Вот они какие, полосатые!
Уж и плутал Кот, плутал, только на осьмую ночь пришёл Кот к подземелью.
Все, как водится, вышли двенадцать чёрных разбойников, сказали разбойники заклинание и скрылись.
– Чучело-чумичело-гороховая-куличина, подай челнок, заметай шесток! – сказал Кот по-разбойничьи и вошёл в подземелье.
Вошёл Кот в подземелье да хвост поджал.
Неласково встретили Кота двенадцать чёрных разбойников.
– Иди, Котофей, – сказали разбойники, – отправляйся, Котофеич, подобру-поздорову домой, пока цел, нет у нас тут для тебя никакой корысти.
– А Зайка? – замяукал Кот.
– Зайка! – заартачились[13] разбойники: – Не отдадим мы тебе Зайку никогда! Зайка у нас рыбкой плавает, и мы на ней все женимся: такая она беленькая, беляночка.
– Ну, вы меня хоть чаем угостите, а я вам сказку скажу, – будто сдался Кот.
Согласились разбойники, велели самовар подать, а сами расселись вкруг Кота, рты разинули.
Кот пил вприкуску, передыхал, сказывал.
Рассказывал Кот длинную-длинную сказку о каких-то китайских яблочках и о купце китайском, запутанную сказку без конца, без начала.

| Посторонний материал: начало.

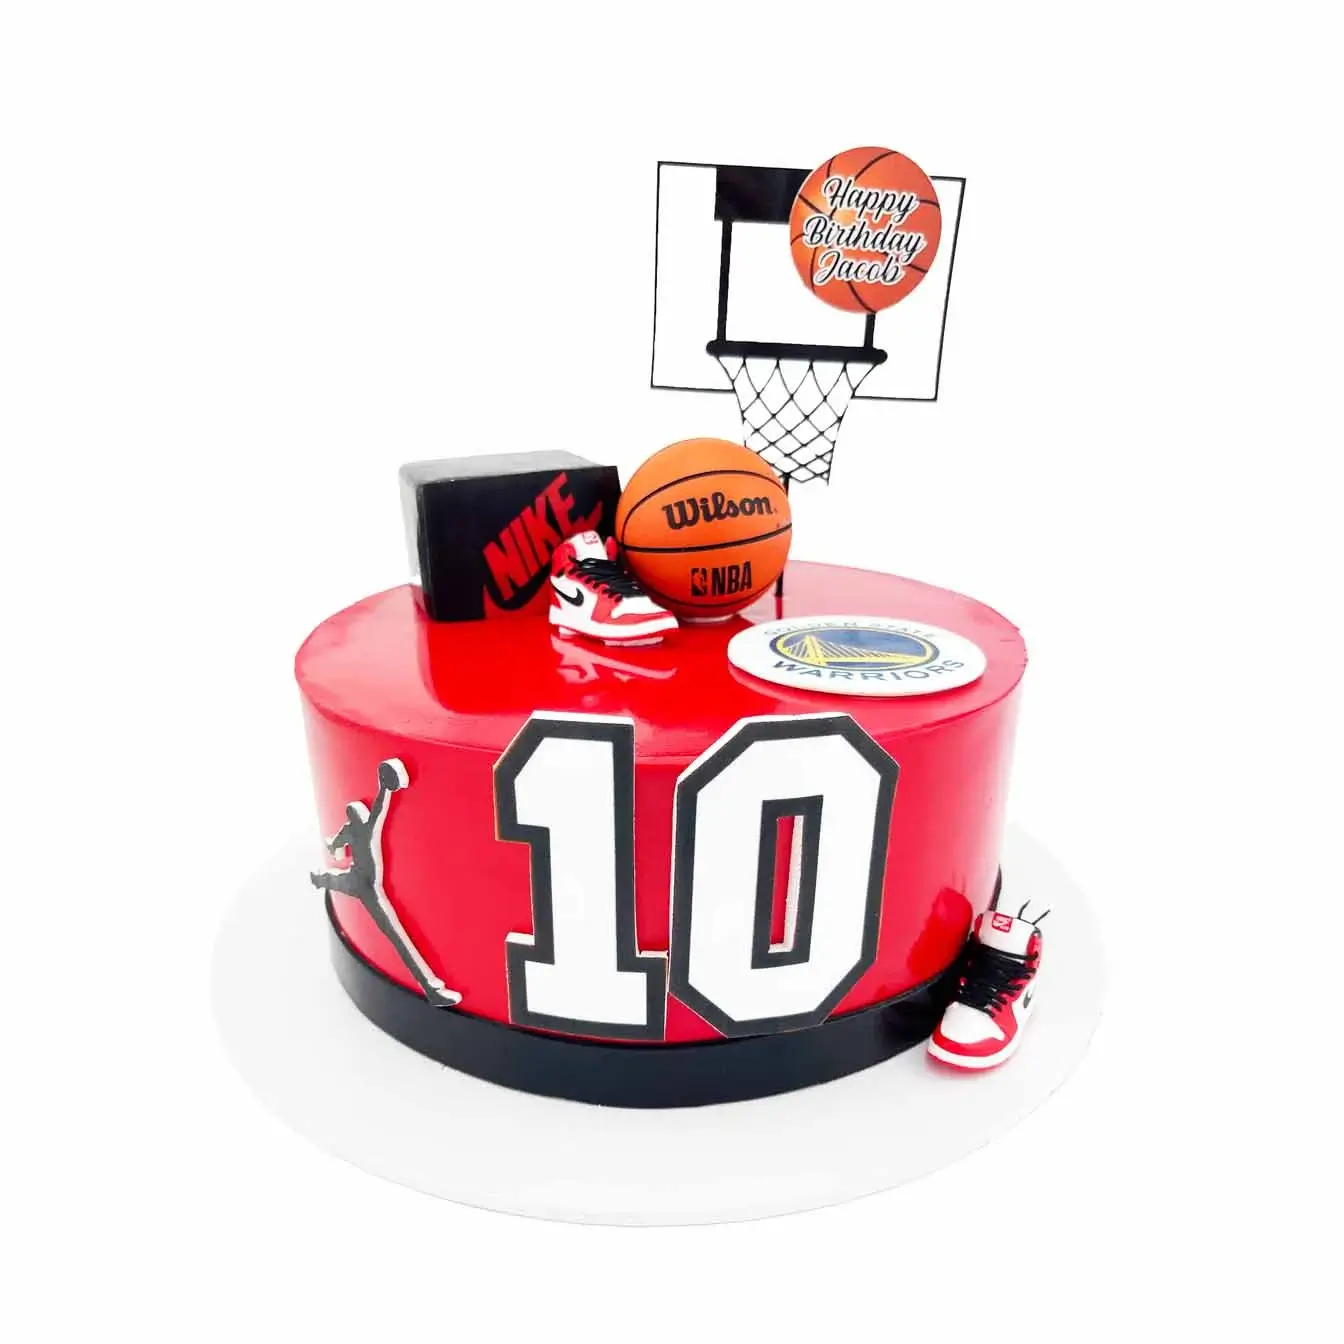 NBA Hoops Slam Dunk Cake - A basketball-themed cake with a hoop topper, basketball, Nike Air Jordan shoe, Nike shoe box, and custom age, a winning centerpiece for sports enthusiasts and celebrations filled with athletic flair.

Разбойники слушали, слушали Кота и заснули. А как заснули разбойники, опрокинул Кот чашку на блюдечко, да и пошёл по банкам ходить, искать Зайку.
– Кис-кис! – тихонько покликала Зайка.
Котофей Котофеич и догадался, выловил Зайку лапкой, обернул в платочек да себе в карман и сунул.
А разбойники дрыхнут, ничего не видят, ничего не слышат.
Тут загрёб Котофей Котофеич в охапку чёрную шкатулку, сказал заклинание да поминай как звали.
– Э-эх! – укорял дорогой Котофей свою Зайку-рыбку.
– Да я, Котофей Котофеич, только одну хотела рыбку поймать, самую маленькую.
– Ну и стала рыбкой, прости господи! – чихал Кот, не унимался.
Зайка едва дух переводила, так прытко стремился Кот в башенку.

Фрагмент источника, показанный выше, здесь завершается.